Without enabling this app setting, your web pages and the native features remain separate. By default, this setting is off. You can enable it and select which pages can access it. Keeping things secure while enabling native features only where required.
For example, you have a checkout page that requires an app unlock code for payment confirmation. Only that particular page needs JS Bridge access. You have to grant permission to that one specific URL, leaving the rest the same.
If a page is not listed in your JS Bridge Access settings, WebToNative’s JS function called for that page will fail silently, even if the code is perfectly written.
Think of it like an electricity connection in a building. You must have all the right wiring with appliances, but if you haven’t switched on the power for that room, nothing will turn on. JS Bridge Access works as the switch and decides which rooms → pages get power.
You can control access using four options.

All Pages
Every page in your mobile app can use WebToNative’s JS function. Ideal for apps where native features are used across devices.

Exact URL
Only one particular page gets access. Perfect for a single page that requires WebToNative JS functions.

Start with URL
You can give access to all the pages that begin with the same URL. Perfect for section-based control.

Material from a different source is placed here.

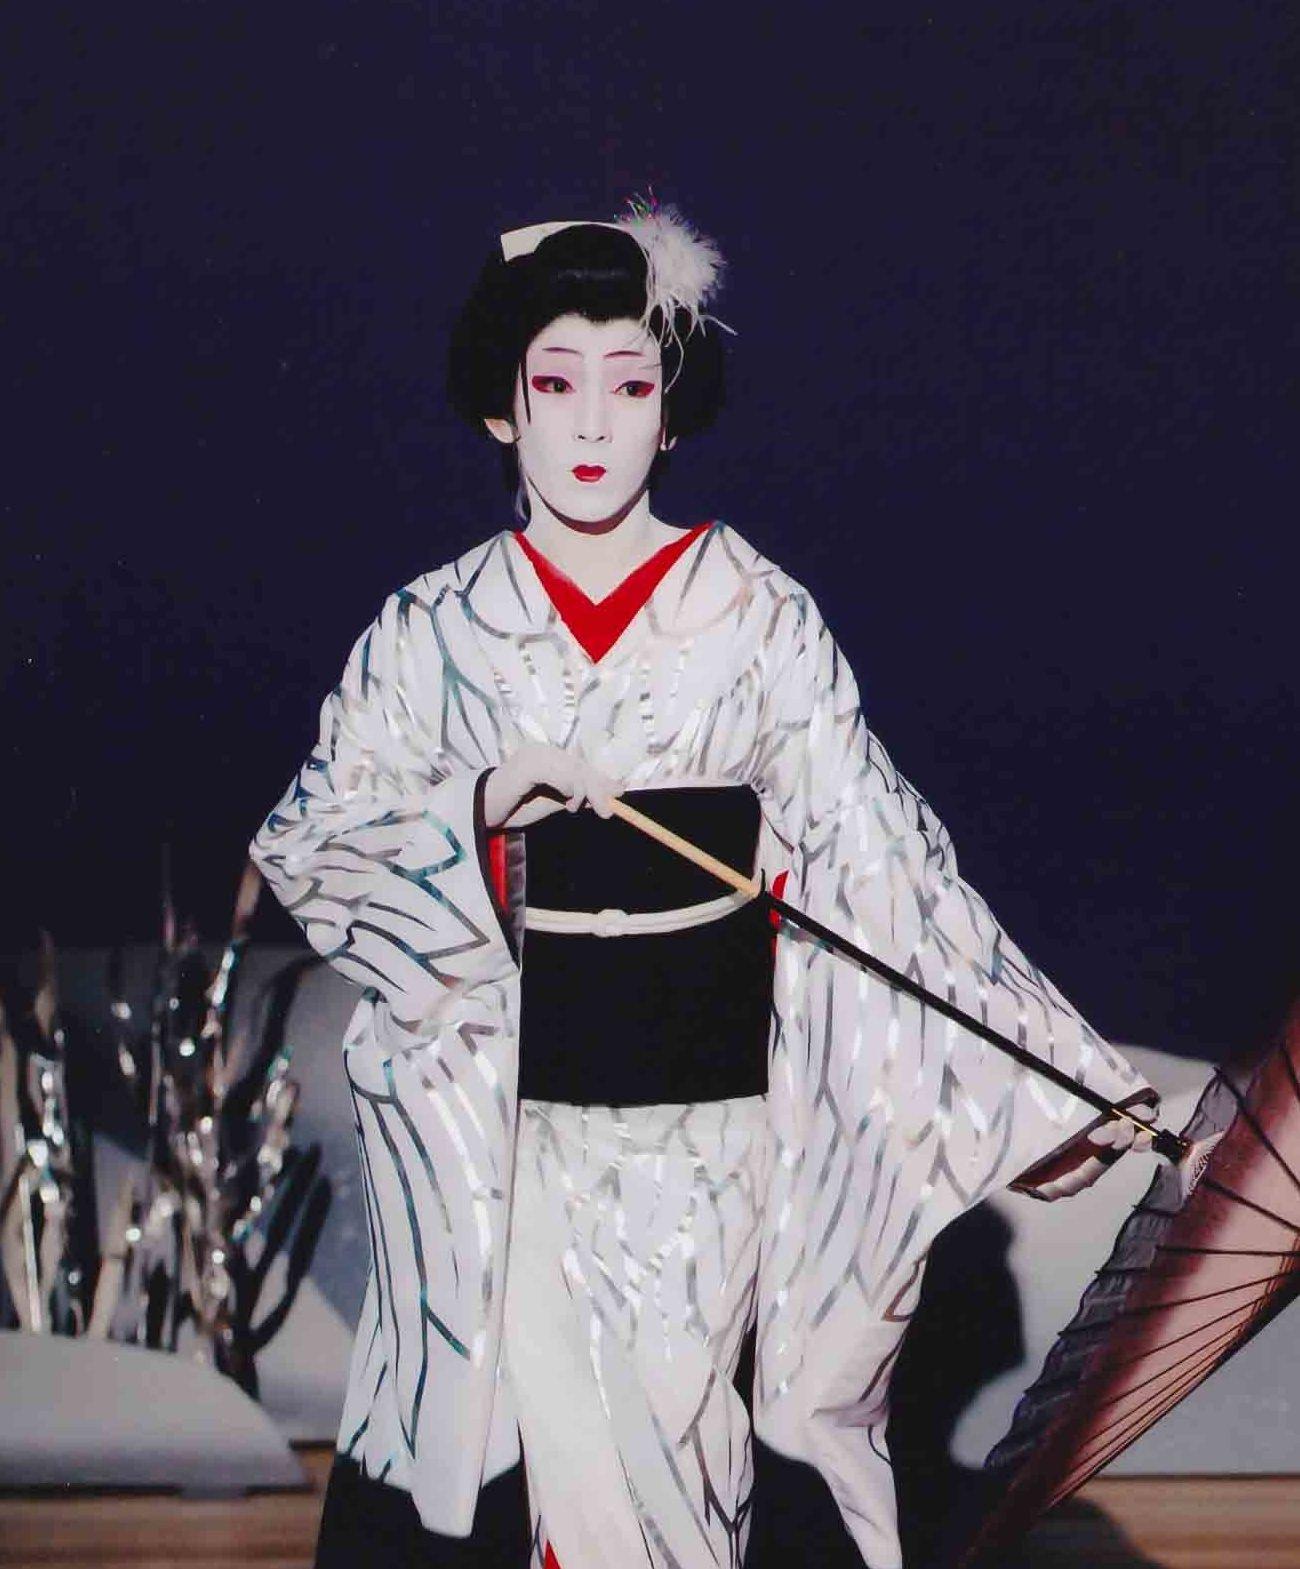 Wakashu kabuki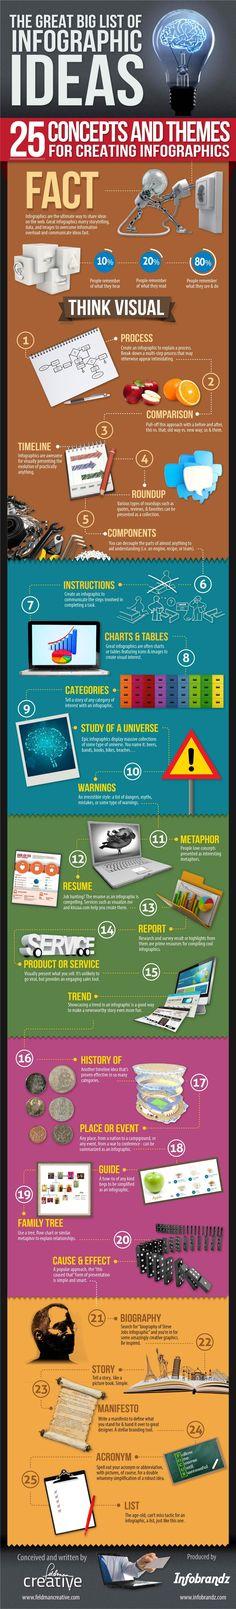 The Great Big List of Infographics Ideas by Barry Feldman via slideshare

For example, this setting https://yoursite.com/dashboard (opens in a new tab) gives all pages under that path, such as /dashboard/home and /dashboard/settings, JS Bridge access.

Custom Regex
You have to write a regular expression to match specific URL patterns to have complete control over which pages get access. It is useful when your URL structure is complex or doesn’t follow a simple prefix.

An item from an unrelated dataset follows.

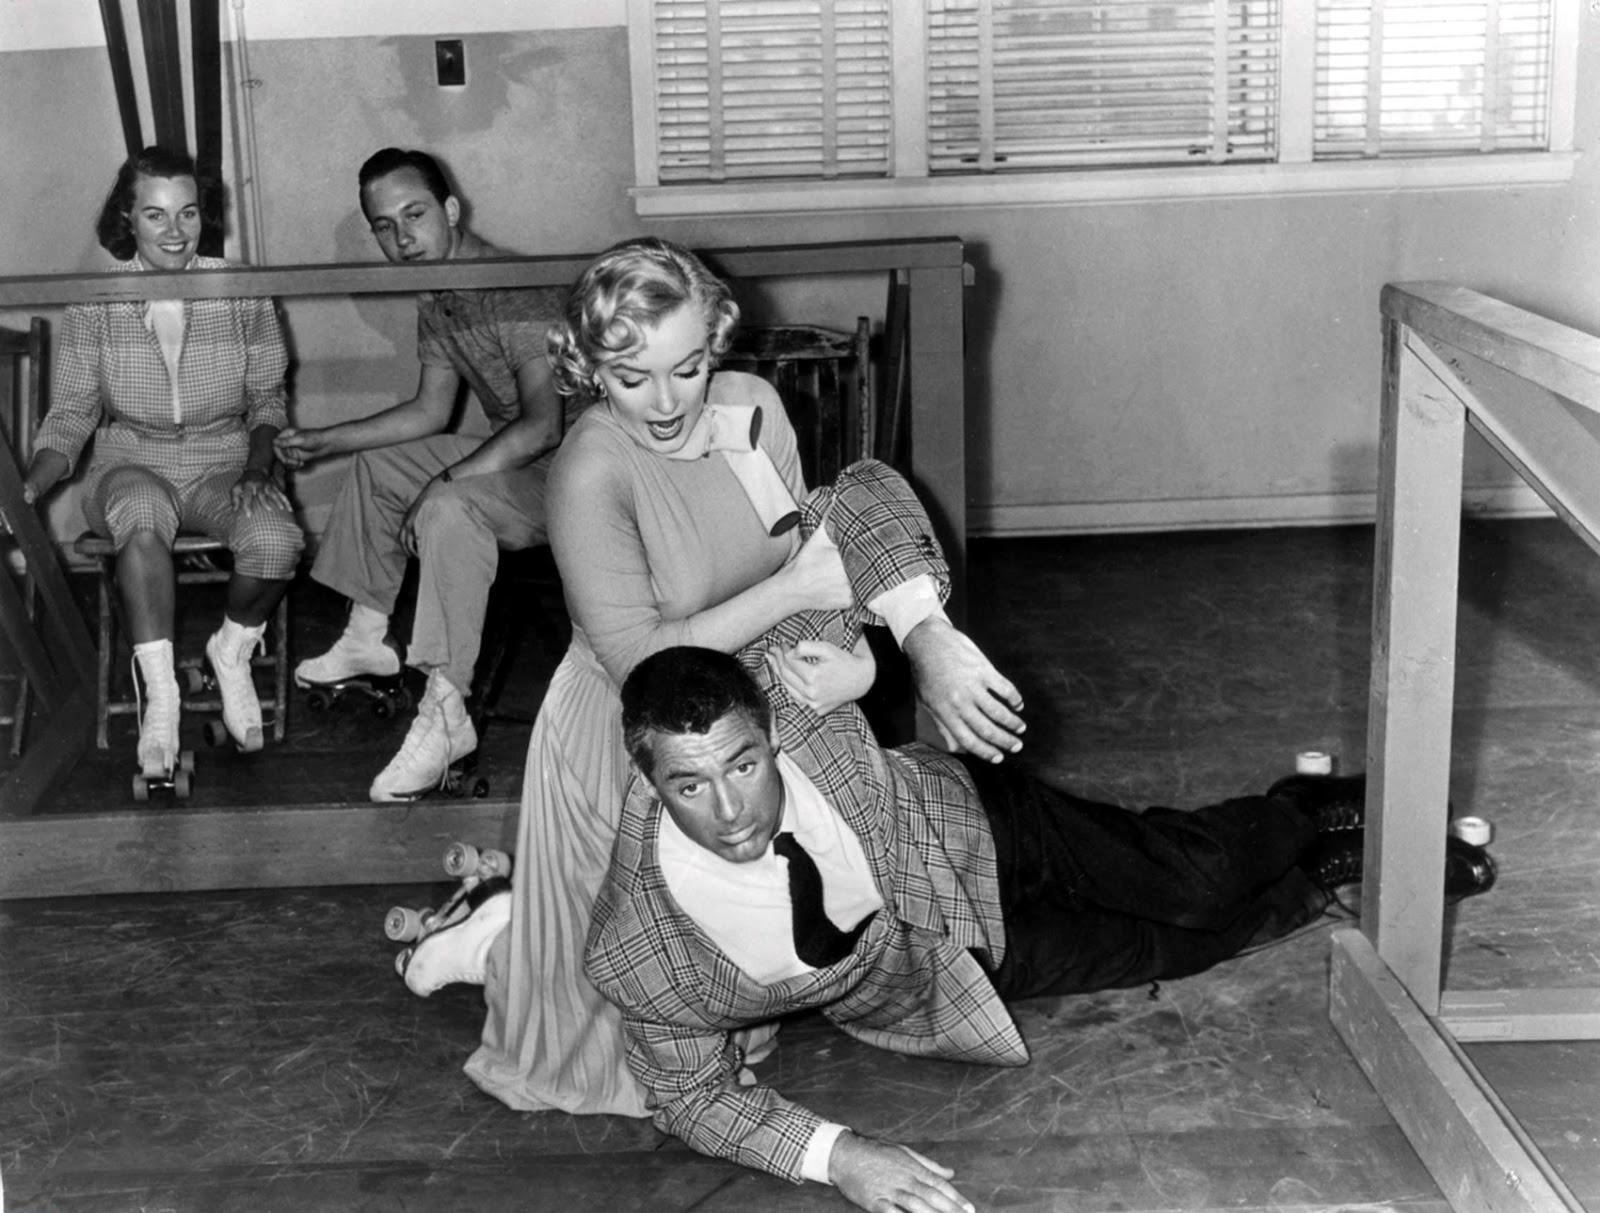 Crime Scene Photos Of Marilyn Monroe Marilyn monroe and cary grant

Why Is Your JS Function Not Working?
The most common reason for the WebToNative JS function to stop working is that the page calling them is not listed in the JS Bridge Access settings. Check your current URL against your JS Bridge setting. It must match exactly or fit the pattern you have set.

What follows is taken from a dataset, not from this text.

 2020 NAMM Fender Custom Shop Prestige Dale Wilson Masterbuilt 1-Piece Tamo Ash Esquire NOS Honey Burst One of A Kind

Add Callback on App Resume
This feature allows your app to run an action automatically whenever the user reopens or returns to the app after leaving it. This can be useful for refreshing content, syncing data, or updating information instantly when the app becomes active again.
For Example Apps showing live updates like stock prices, delivery tracking, or news feeds can automatically load the latest information instead of displaying old data.
To make this work, your website must include a function named appResumeCallback. Once added by your developer, it will automatically run every time the app comes back into focus.
Disable Caching
When this setting is enabled, the app fetches fresh content directly from your website every time instead of loading previously stored cached data. This helps ensure users always see the most recent information available.
It is especially useful for apps with frequently changing content, such as live updates, pricing, news feeds, inventory, or personalized user data, where showing outdated information can cause issues.
If your website content rarely changes, keeping cache enabled is recommended because it improves loading speed and reduces data usage.
Disable Scroll Bounce Effect
Disabling the scroll bounce effect prevents the screen from bouncing when the user’s scroll goes beyond the edge. Once the setting is enabled, the mobile app screen does not shake or jump when users reach the top or bottom of the screen. It makes the user’s navigation inside the app smoother, more controlled, and cleaner across all screens.
Disable Back Button
Blocks the Android back button on selected screens to avoid unwanted navigation or accidental exits. This is useful for sensitive pages like payments, form submissions, login flows, or restricted screens where going back could interrupt the process or create errors. It will open up an advanced settings option.